African Fertilizer Financing Mechanism (AFFM)
Continental
US$35 million
(target)
*US$ 8 million
Stage 3 : Programme/Project Structuring and Promotion
Following the Abuja Declaration(2006),NEPAD has worked closely with the
AUC and the
AfDB to establish the AFFM as a Special Fund to support production,
distribution,
procurement, and use of fertilizer in Africa. Funds will be allocated to
projects through country
roundtable processes.
AfDB
that was from p.47 (AU/NEPAD AFRICAN ACTION PLAN 2010‐2015) (sorry - it
didn't translate well).
Then we have:
AU/NEPAD Task Force on Rising Food Prices
It makes no sense to me. There is supposed to be more food but the
prices are going up. This is the same investment structure utilized by
the World Bank and Monsanto in the northern areas (the Rift Valley) -
buy seed (patented GMO), fertilizer, machines, don't forget the
ga-a-aszs, or the pesticides. The bank is here to lend you into servitude.
There appears to be no organic culture representation, no system to
re-institute cultures that have been displaced by so much death and
destruction. There also appears to be a "mopping-up" in progress after
all the years of dare I say "prodded" antagonisms and transgressions of
and toward humanity.
And the drum beats on.
Darryl
On 03/09/2012 6:36 PM, michael gurstein wrote:
I'm right now in a guest house in Ouagadougou, the capital of Burkina Faso,
the third poorest country in the world as measured by the World Bank among
others... On the edge of the Sahel and bordered by some of the
currently/recently unsettled countries of the region--Mali, Ivory Coast,
Niger... I'm doing some background work for a significant Community
Informatics project that the e-Africa division of NEPAD/the African Union
wishes to undertake throughout sub-Saharan Africa.

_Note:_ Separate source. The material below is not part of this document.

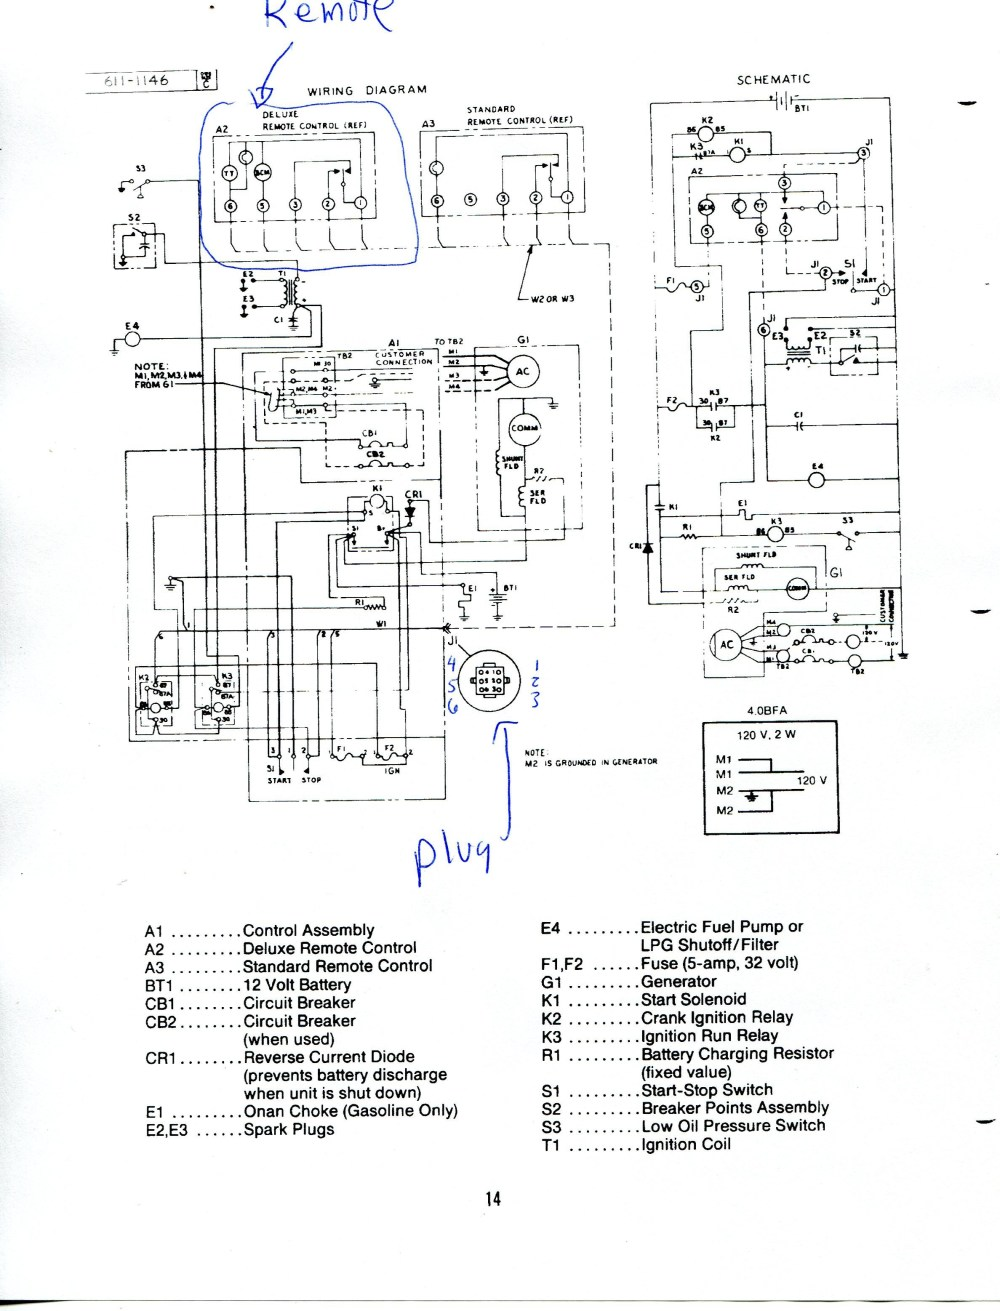 medium resolution of wiring diagram an generator valid luxury an generator electric choke circuit gift simple wiring
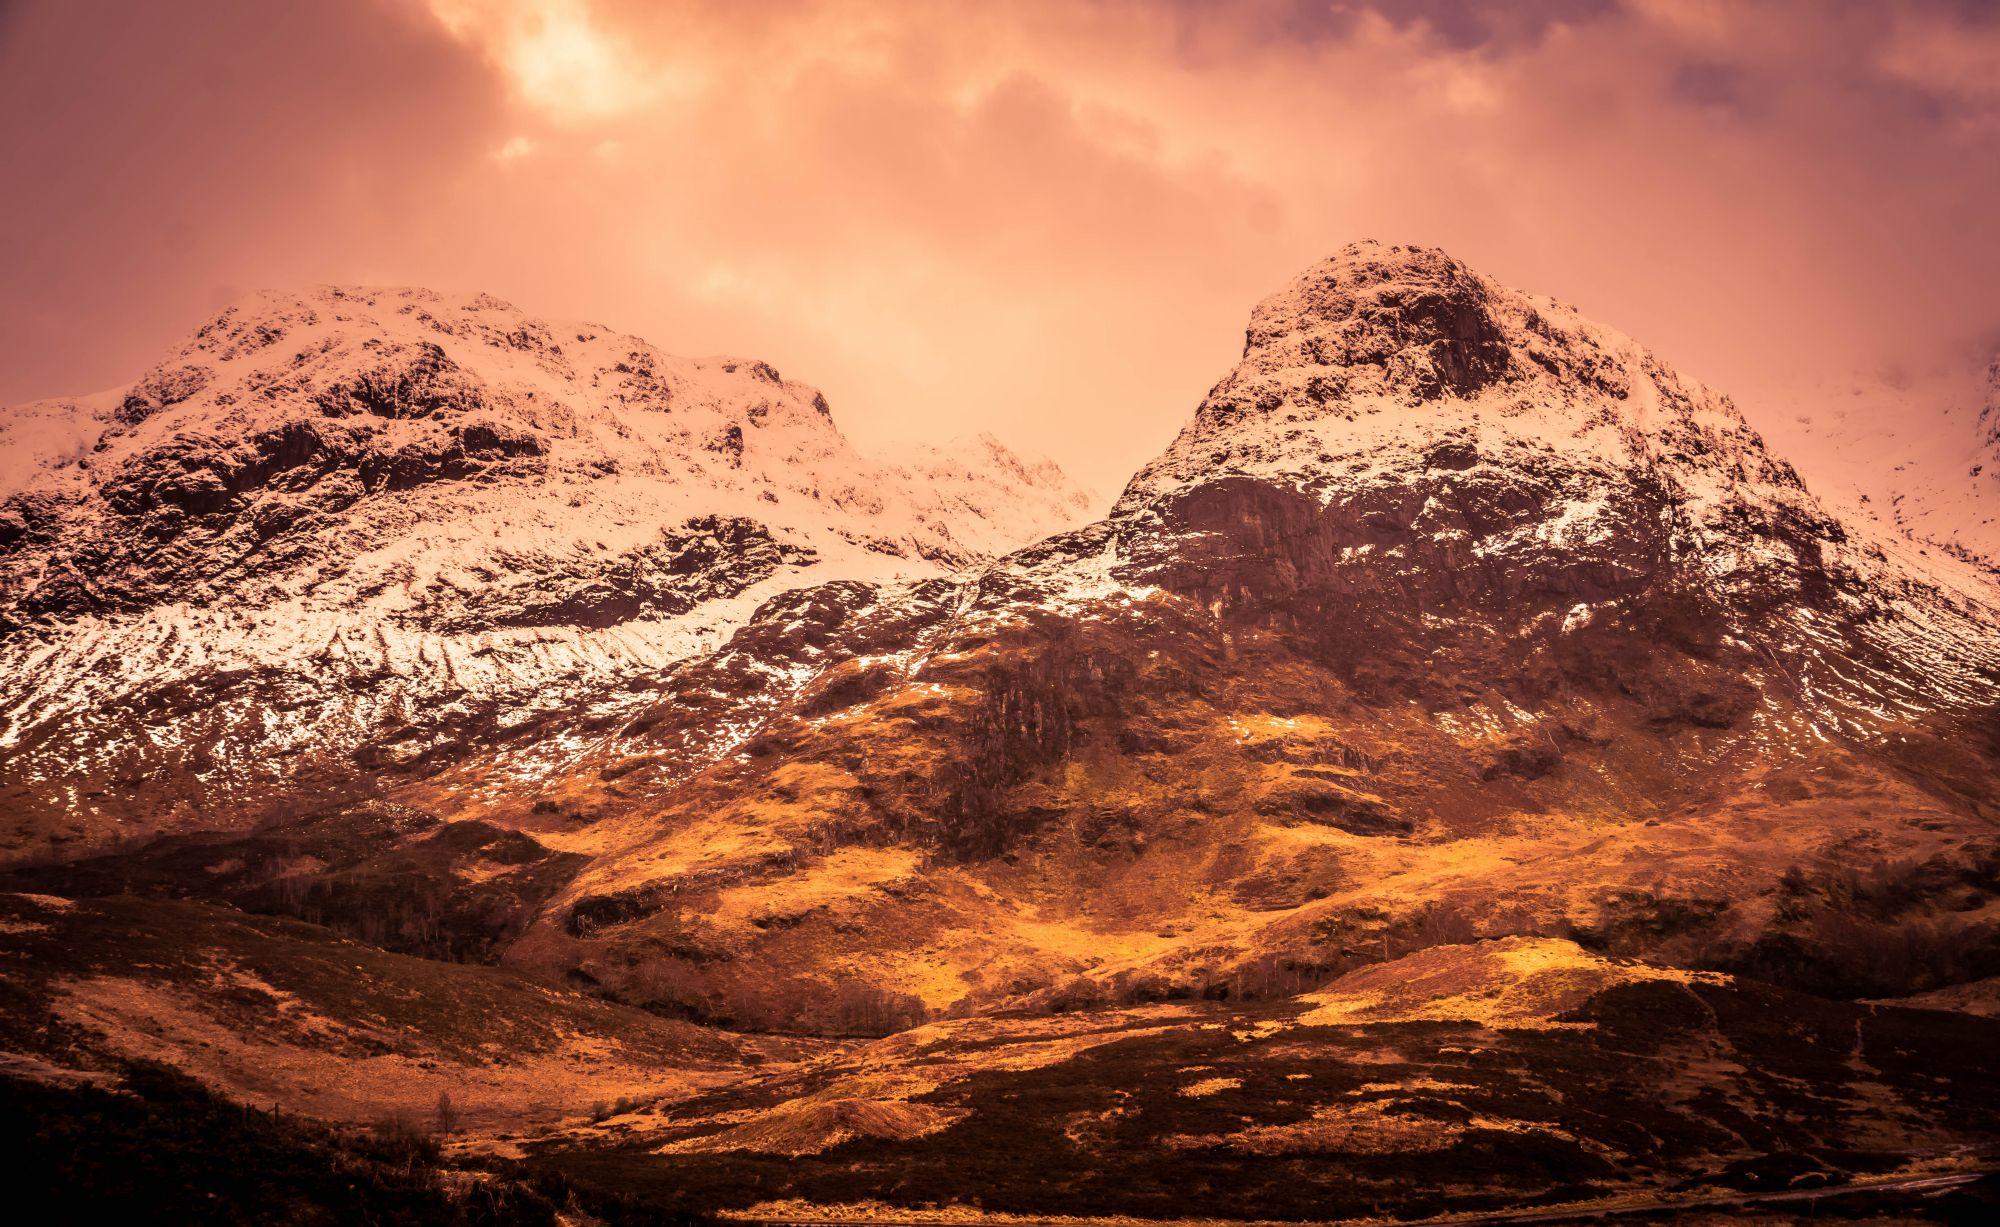 Loch lomond Glencoe highlands

This afternoon between appointments I went for a walk in the centre of the
city towards the Grand Mosque, a very Moorish structure in desert coloured
sandstone. It was around 4 pm and as I was walking I came across rows of
men undertaking one of their daily prayers only this time in public led by
what looked like a lay preacher. As I walked further I kept coming across
these street corner prayer sessions--perhaps 3 or 4 within a three block
radius and not more than two blocks from the main Mosque in Ouga.
This evening I'm back at the guest house doing things on the reasonably good
Internet connection.
It is getting late--now it is about 1.30 am local time.
I've just e-published the most recent issue of the online Journal of
Community Informatics.
http://ci-journal.net/index.php/ciej/editor/issueToc/30
Glocality: Thinking about Community Informatics and the Local in the Global
and the Global in the Local.
For the last half hour or so I've been hearing the sounds of jet planes
flying low overhead--back and forth, back and forth. At first I thought they
might be commercial planes coming in to land--but this is Burkina Faso where
there are probably no more than a dozen flights in and out a day and I would
guess none of them are scheduled for 1 am.